Not in our home, Joe and Katherine agreed, but there’d been some debate about accommodations. Joe wanted luxury while Katherine argued any old rattrap would do. Eventually they compromised – they’d long ago perfected the art – on a deluxe room in mid-priced chain halfway between the city and the airport.

They checked into their room at two and hung the Do Not Disturb sign on the knob before locking the door behind them. Katherine opened the window and tossed out their plastic key card.

“Gimme your phone.”

Joe nodded. “Hadn’t thought of that.”

Out went both phones, cracked dead rectangles now on the sidewalk below.

“What about the room phone?”

“We might want room service.”

They chuckled at the idea, faces hot with tenderness for one another.

Joe disconnected the phone line then settled onto the bed nearer the window. Katherine glanced at its twin, but her eyes stung at the thought of lying too far from her husband. When she turned back to him, he smiled and patted the spot beside him. Katherine climbed in, snuggling into the soft corduroy of his favorite jacket.

“How do you feel?” he whispered.

“Happy.”

Joe flipped channels on the TV until he found a sitcom rerun. They’d missed the first ten minutes, but Katherine had seen it before. When the episode was over, another started up. Halfway through, Katherine’s hands began to tremble. A heat was building deep in her belly, and then it rose like mercury in a thermometer up the back of her throat.

“It’s here.”

She leapt from the bed and raced into the bathroom. She retched four times into the toilet bowl, until she was emptied out, then fell back against the cool tile.

Joe looked on from the doorway, his body filling the frame almost completely. So sturdy, Joe. Those broad shoulders. She remembered nibbling the skin on his left shoulder after they’d made love for the first time, raking her little fingers through the cloud of hair on his chest. She’d laughed that night at the contrast of their bodies, delighted that two specimens of the same species could look so different from one another.

“Feel better?”

“If only.”

“It starts quicker in women. Ends quicker for men, though.”

“Don’t,” said Katherine.

“It’s okay. It’s true. And you won’t be far behind.”

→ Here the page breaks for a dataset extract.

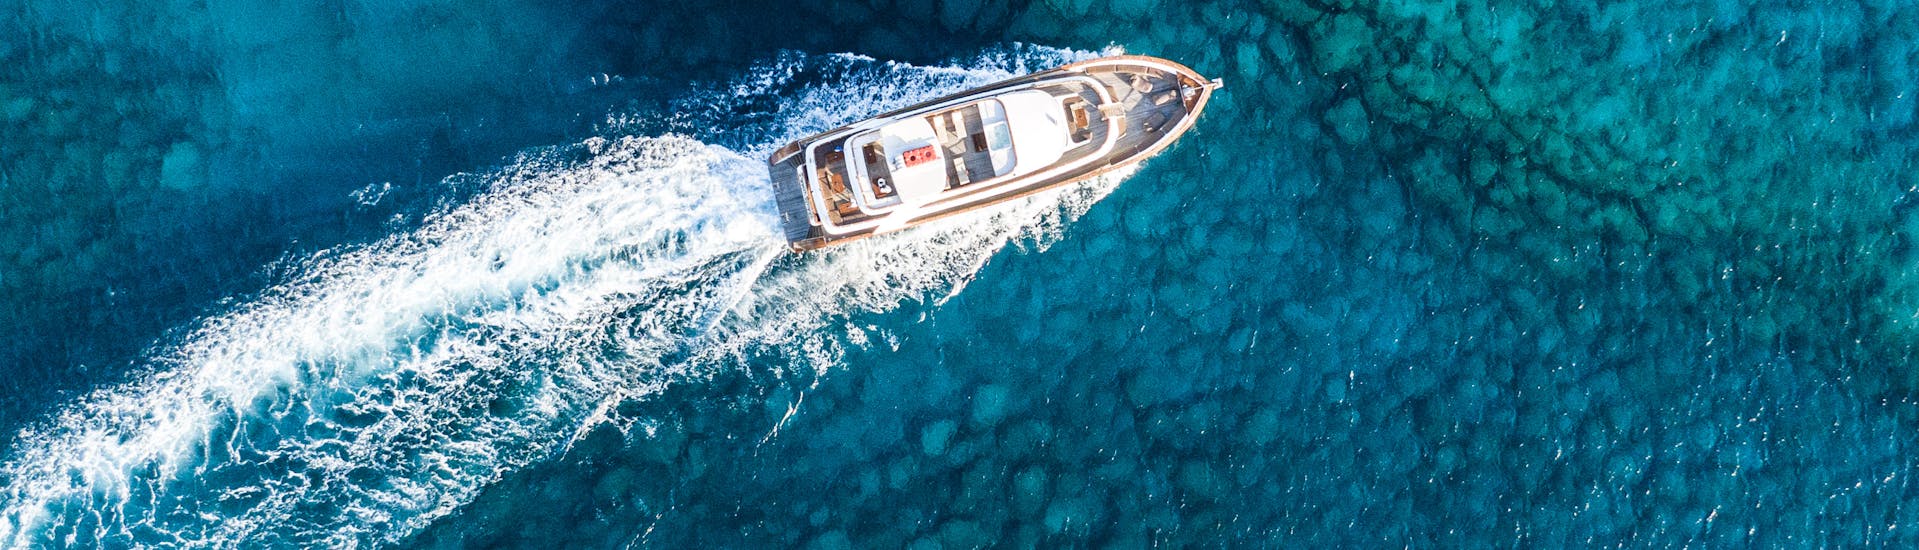 Le luxueux bateau utilisé pour la balade en bateau de luxe au Lagon Bleu avec déjeuner avec Ocean Queen Ayia Napa navigue sur l'eau claire.

Joe stepped into the room and flushed away her mess. His big hands took hold of her beneath the shoulders, guiding her to her feet.

It went on like that until around midnight. At the end, Katherine felt so much lighter, nothing left to heave up but acrid air.

“I think I have a fever,” she said with mild surprise.

It came for Joe soon after. He didn’t bother with the toilet, spilled his guts into the room’s little trash can instead.
“Sleep,” he urged Katherine when the first wave had passed.

“I should look after you,” she protested, but her body gave her no choice.

She woke to sunlight and stiff joints, a nest of her own black hair on the pillow case. When she ran a hand along her scalp, more strands slip free. Beside her, Joe slept, one arm encircling the trash can half-filled with his vomit. Vicious little lesions – bright red, seeping – speckled his chest and jawline. Katherine’s fingers skimmed along her own skin and found the same raw marks on the back of her arms. She gave one a curious prod and hissed. At the sound, Joe stirred but didn’t wake. Katherine gathered her hair from the pillow, braided it into a wreath and laid it over her husband’s chest, a talisman to ward off further harm.

That evening, they discovered they could pluck their fingernails loose, easy as flower petals. They arranged them into a garden on the bathroom counter, and within a few hours they’d encircled the garden with a fence built from their broken teeth. Blood dribbled from their mouths as they reminisced about the tulips they’d seen on a trip to Holland years before. Their words were gummy and would’ve been unintelligible to anyone else. They talked until their hearing went then made their eyes say the words instead. Ready, said Joe’s eyes, and Katherine’s answered, Wait. They repeated the words until shapes began to blur and the light in the room grew dim then, blind, dragged themselves back to bed.

There was no way for Katherine to know what time it was when the pain in her ankles woke her. The tendons there had snapped like two guitar strings. A scream clawed its way out of her, shaking the bed with its force. Behind her, Joe quickened, but whether it was her pain or some pain all his own that startled him, Katherine couldn’t know. He buried his face into her neck and kissed her over and over, spilling hot tears into what was left of her hair.

After that, Katherine didn’t sleep again. She pinched Joe’s arm once every few minutes, waited for him to pinch back. She did this until he stopped pinching.

It took Katherine half an hour to strip away their clothes, another hour still to roll Joe into the bathroom and lay him in the tub. He’d been breathing shallowly when she’d begun. By the time she flung herself over the rim, her fall broken by his soft body, he’d stopped breathing altogether.

Her foot inched up the wall, and she toed the faucet handle until the showerhead emitted its lukewarm spray. Water streamed over her face, her belly. It trickled between her legs. Eventually it sought the spaces where her skin met Joe’s, filled those spaces then dissolved them, melding their bodies together until there was no Katherine, no Joe, only one silent mass of bone and flesh and, minutes later, only white bone. In time, the bones dissolved, too, and the whole mess was carried down the drain in a neat little stream, and the water ran clear again.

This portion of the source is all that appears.